Door-to-door vaccination starts to fight Zimbabwe cholera outbreak. Over 450 are already dead

HARARE (Reuters): Zimbabwe on Monday launched a cholera vaccination campaign to immunise over 2 million people against the waterborne disease, amid an outbreak that has killed hundreds since early last year.

Cholera had killed 452 people and infected a total of 20,446 in the southern African country as of Jan 24, since the outbreak started in February 2023, according to health ministry statistics. About half of the cases have involved children.

Zimbabwe will receive a total of 2.3 million vaccine doses from UNICEF and the World Health Organisation to be deployed to 29 of the hardest-hit districts. More than 892,000 doses have already been dispatched, the health ministry said.

The cholera vaccine roll-out campaign was launched in Kuwadzana, a township about 15 km (9 miles) from central Harare.

Read more: Mother and son survive Zambia’s deadly cholera outbreak

Health workers administered the first vaccines to schoolchildren amid calls for residents to participate.
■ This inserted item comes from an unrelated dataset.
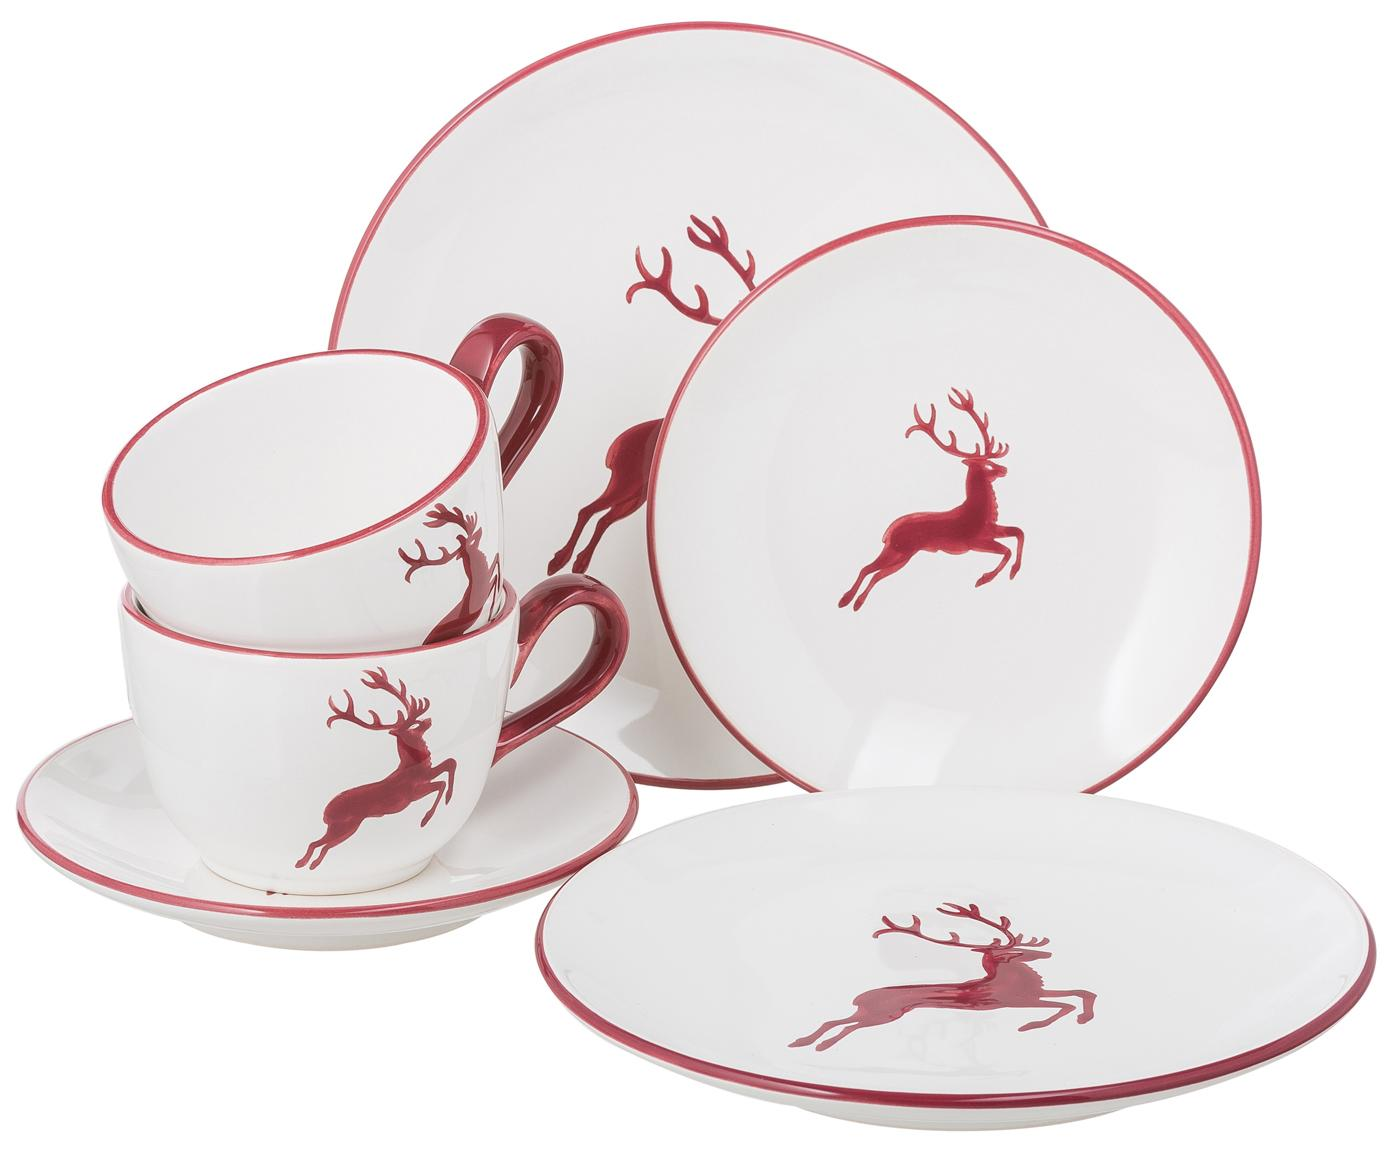 Kaffeeservice Classic Roter Hirsch, 2 Personen (6-tlg.), Keramik, Bordeauxrot, Weiß, Sondergrößen

They have also started going door-to-door offering vaccines to households.

Cholera is spread by contaminated food or water and often occurs in crowded urban areas with poor sanitation facilities.

The campaign uses the Euvichol-Plus vaccine, produced by EuBiologics, which is administered orally and protects against cholera infections for at least six months.

In November, the Zimbabwean government moved to restrict public gatherings and food vending and monitor burials in areas affected by cholera after cases spiked.

“The introduction of the cholera vaccine is another tool to prevent the further spread of the disease,” the health ministry said.

IT’S MAKING A WORLDWIDE COMEBACK

In May last year, the UN health experts warned that cholera, a 19th-century disease, may be making a ‘devastating’ comeback after years of decline.

In a new alert, the World Health Organization (WHO), a Geneva-based UN agency, and UN Children’s Fund (UNICEF) said that more countries now face outbreaks, increasing numbers of cases are being reported and the outcome for patients is worse than 10 years ago.

Echoing the bleak outlook, WHO data indicates that by May last year, 15 countries had reported cases, but by mid-May this year “we already have 24 countries reporting and we anticipate more with the seasonal shift in cholera cases,” said Henry Gray, WHO’s Incident Manager for the global cholera response.

“Despite advances in the control of the disease made in the previous decades we risk going backwards.”

The UN health agency estimates that one billion people in 43 countries are at risk of cholera with children under five particularly vulnerable. Cholera’s extraordinarily high mortality ratio is also alarming. Malawi and Nigeria registered case fatality rates as high as three per cent this year, well above the acceptable one per cent.

South-eastern Africa is particularly badly affected, with infections spreading in Malawi, Mozambique, South Africa, Tanzania, Zambia and Zimbabwe. The development follows the destructive passage of Cyclone Freddy in February and March this year, leaving 800,000 people in Malawi and Mozambique internally displaced and disrupting healthcare.

A deadly combination of climate change, underinvestment in water, sanitation and hygiene services – and in some cases armed conflict – has led to the spread of the disease, agreed the two UN agencies.